Answer: x = 9.981675
The value is approximate. Round it however you need.
==========================================================
Step-by-step explanation:
I'll add point labels A,B,C,D
Refer to the diagram below to see how the points are laid out. It doesn't matter how you label the points. I'm doing this to describe the triangles we'll be working with.
For now, focus on triangle CAD, which is the smaller triangle at the bottom.
Use the Law of Sines to determine the value of y, which is the angle I marked in red.
sin(A)/a = sin(C)/c
sin(40)/8 = sin(y)/9
sin(y) = 9*sin(40)/8
sin(y) = 0.723136
y = arcsin(0.723136)
y = 46.314005
For triangle CAD, angle C is roughly 46.314005 degrees.
In other words, angle ACB is about 46.314005 degrees.
----------------------------
Keep your focus on triangle CAD.
The interior angles must add to 180
A+C+D = 180
A+y+z = 180
40 + 46.314005 + z = 180
86.314005+z = 180
z = 180 - 86.314005
z = 93.685995
This is the approximate measure of angle ADC in purple.
It's very close to 90 degrees, but not quite there exactly. This is one reason why the diagram alone can be misleading.
----------------------------
We'll keep our attention on triangle CAD. The last thing we need from this small triangle is the side of AC, aka side d since it's opposite angle D.
Use the law of sines again
sin(A)/a = sin(D)/d
sin(40)/8 = sin(93.685995)/d
d*sin(40) = 8sin(93.685995)
d = 8sin(93.685995)/sin(40)
d = 12.420045
We've wrapped up everything to say about triangle CAD. We can move on.
----------------------------
There's a lot to keep track of. Here's a summary so far. I'll only summarize what is needed from here on out.
- Angle ACB = y = 46.314005 degrees (red)
- Side AC = d = 12.420045
Those decimal values are approximate.
The value of z was useful earlier, but we don't need it anymore.

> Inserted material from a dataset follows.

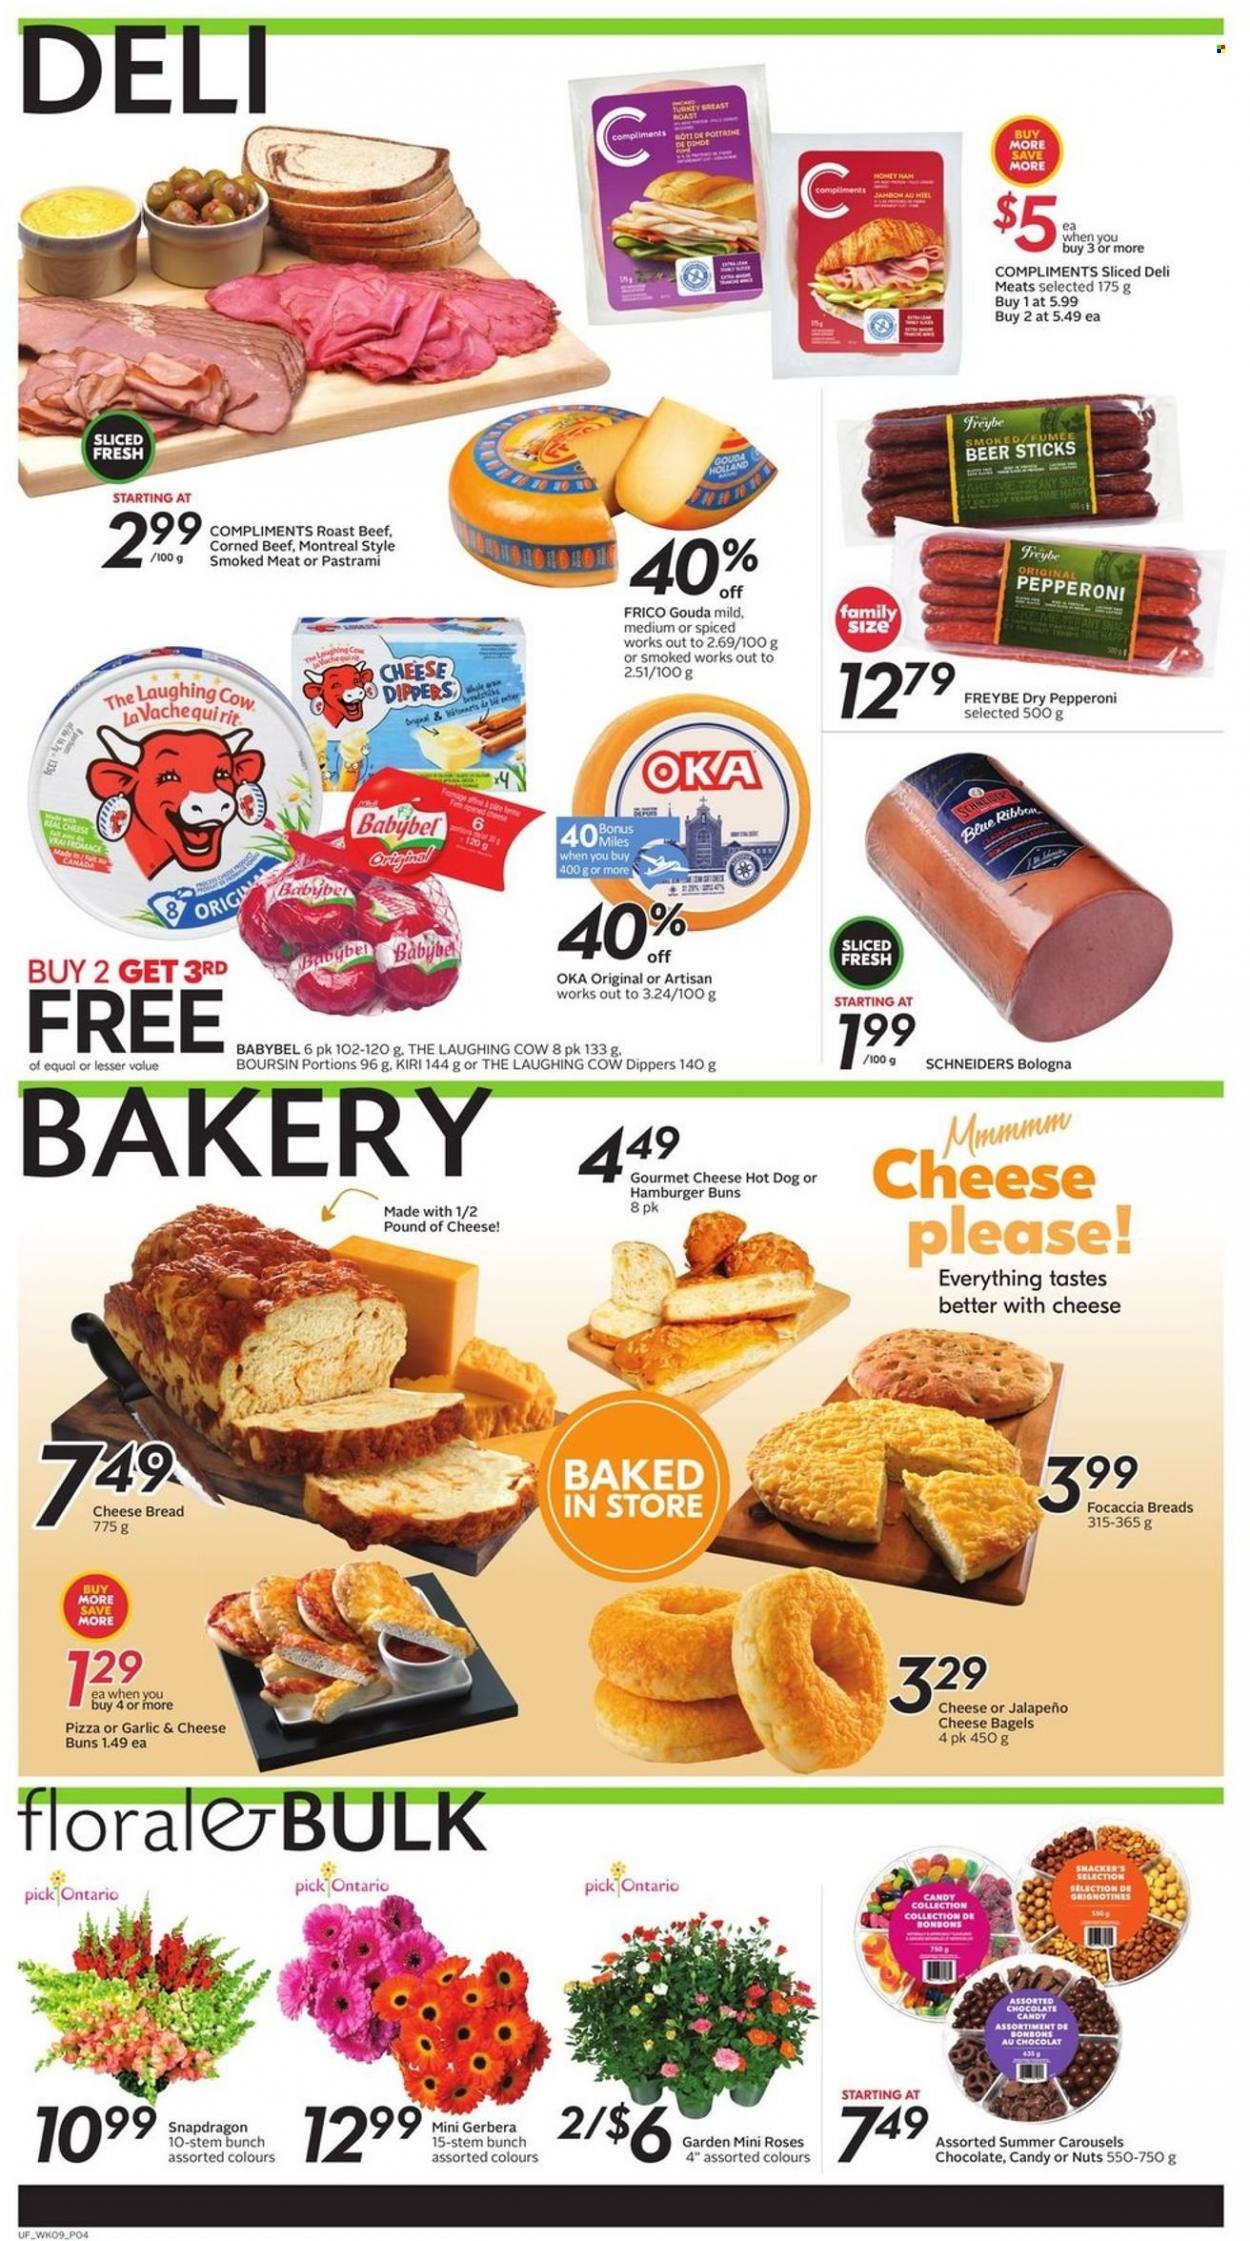 thumbnail - Sobeys Urban Fresh Flyer - June 30, 2022 - July 06, 2022 - Sales products - bagels, bread, Blue Ribbon, buns, burger buns, hot dog, pizza, turkey roast, pastrami, bologna sausage, pepperoni, corned beef, gouda, Kiri, The Laughing Cow, Babybel, snack, chocolate candies, honey, beer, beef meat, roast beef. Page 4.

----------------------------
Turn your attention to triangle ABC.
Because ABC is a right triangle (50+40 = 90), this means we can use one of the six trig ratios to determine the hypotenuse x+8 based on a known acute angle and known leg of the triangle.
Knowing the leg AC and angle ACB is sufficient to find the hypotenuse BC.

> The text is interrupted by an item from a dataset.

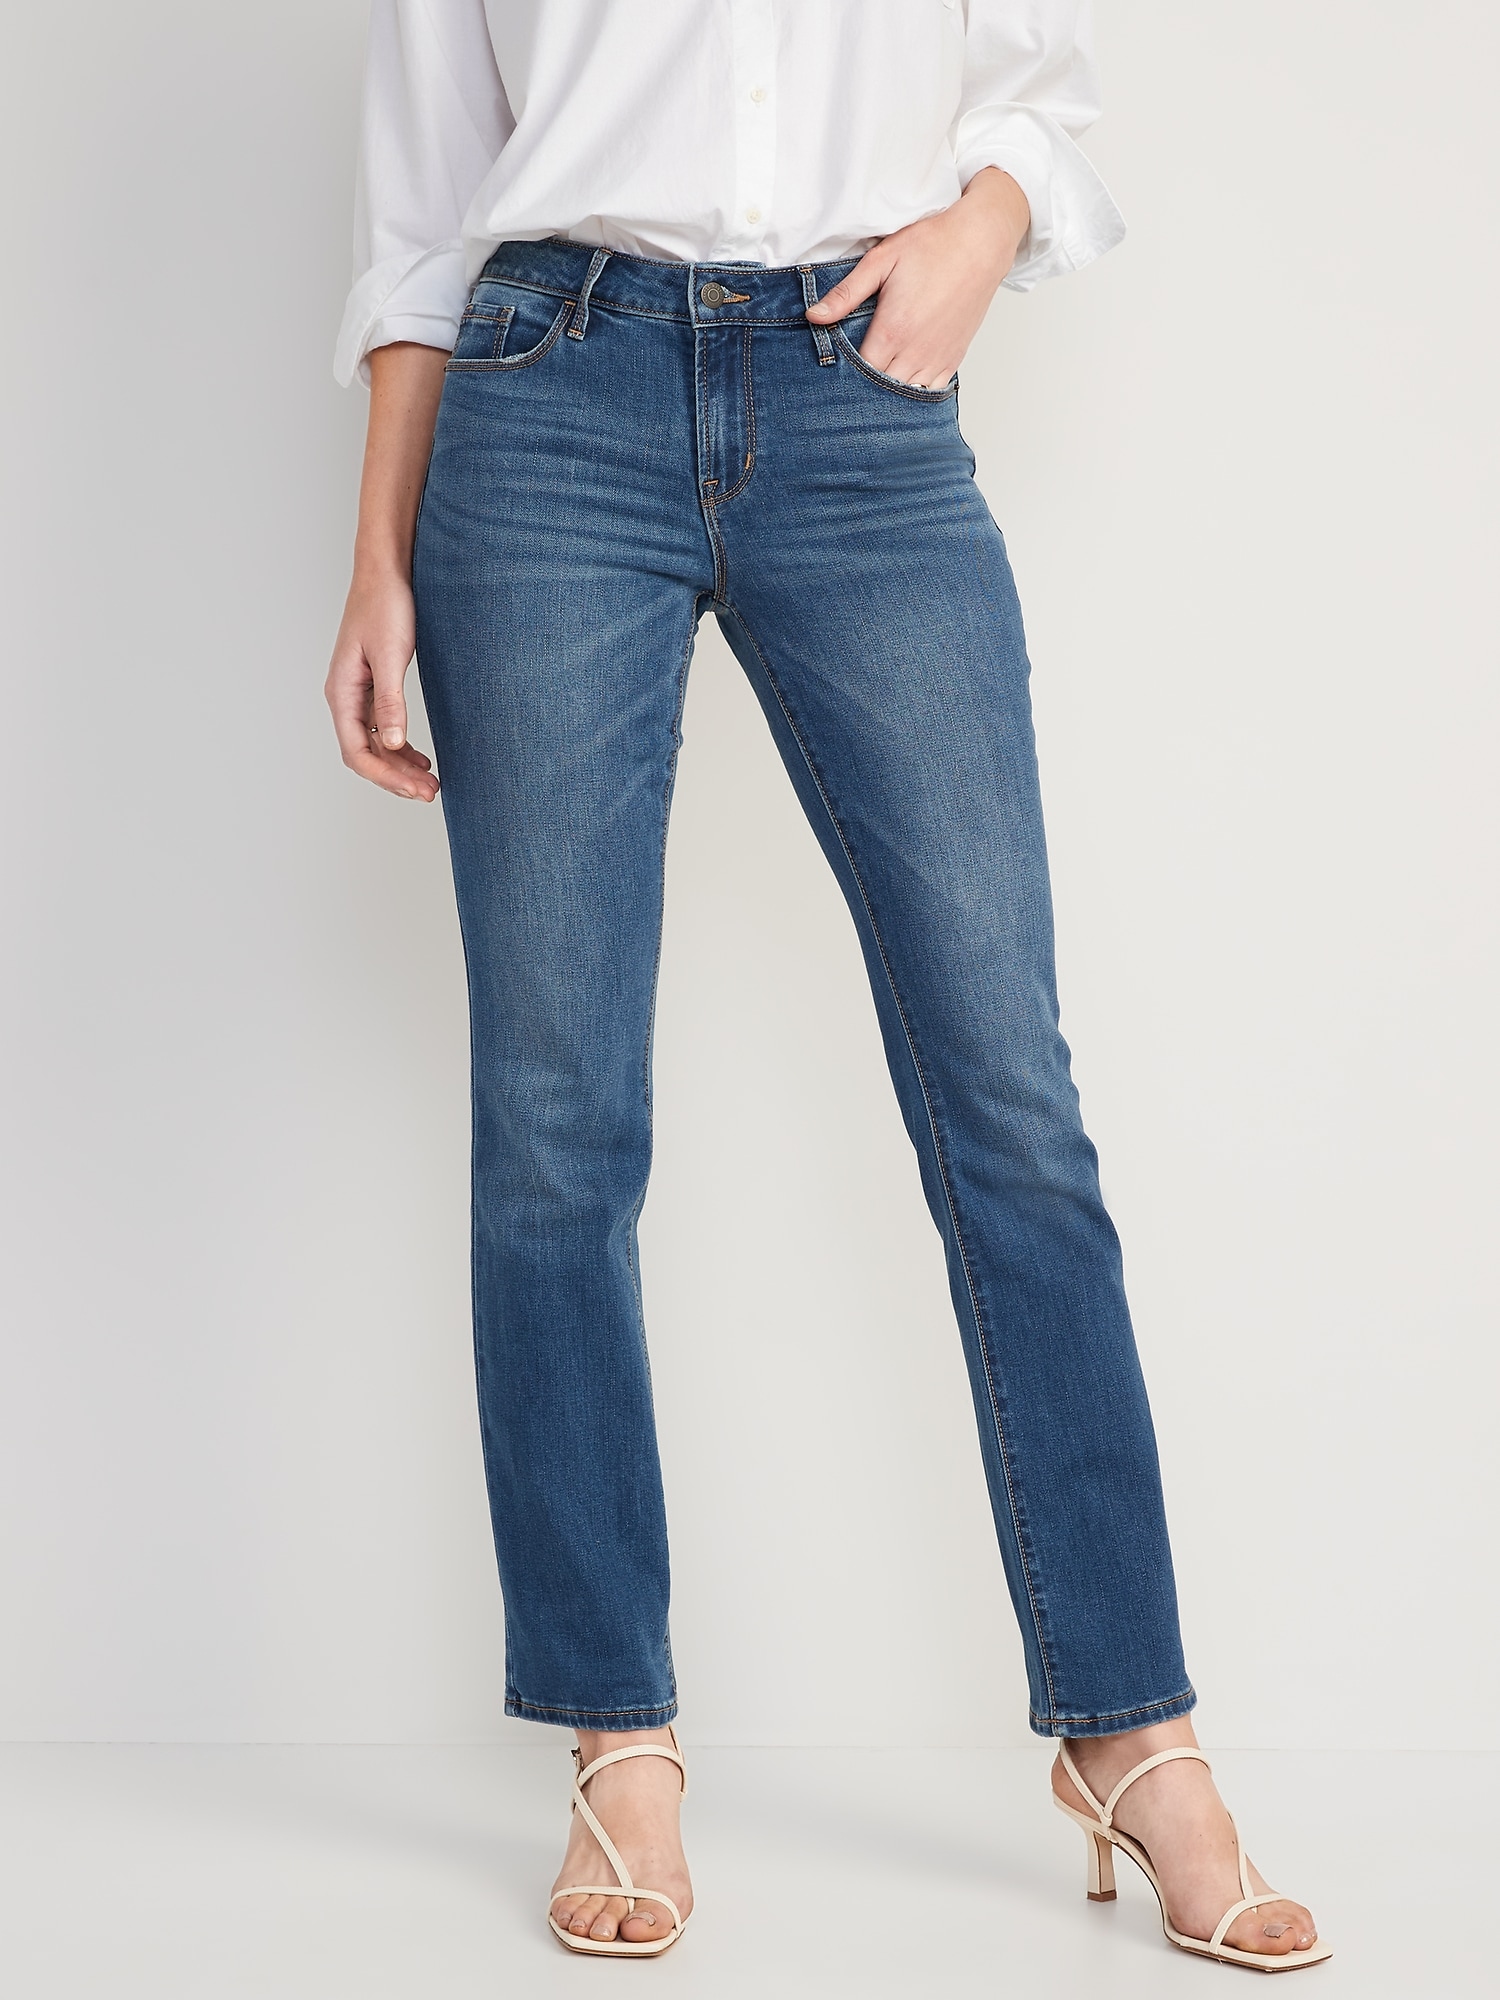 Mid-Rise Kicker Boot-Cut Jeans for Women | Old Navy

Use the cosine ratio to tie everything together like so
cos(angle) = adjacent/hypotenuse
cos(C) = AC/BC
cos(46.314005) = 12.420045/BC
BC*cos(46.314005) = 12.420045
BC = 12.420045/cos(46.314005)
BC = 17.981675
This is the approximate length of the hypotenuse of right triangle ABC.
The last step to do really is to set this equal to x+8 and solve for x.
x+8 = 17.981675
x = 17.981675-8
x = 9.981675 is our approximate final answer
Round this however you need to, or however your teacher instructs.
Once again, there's a lot to keep track of. Feel free to ask any further questions if you're stuck anywhere, or if one of my steps doesn't make sense.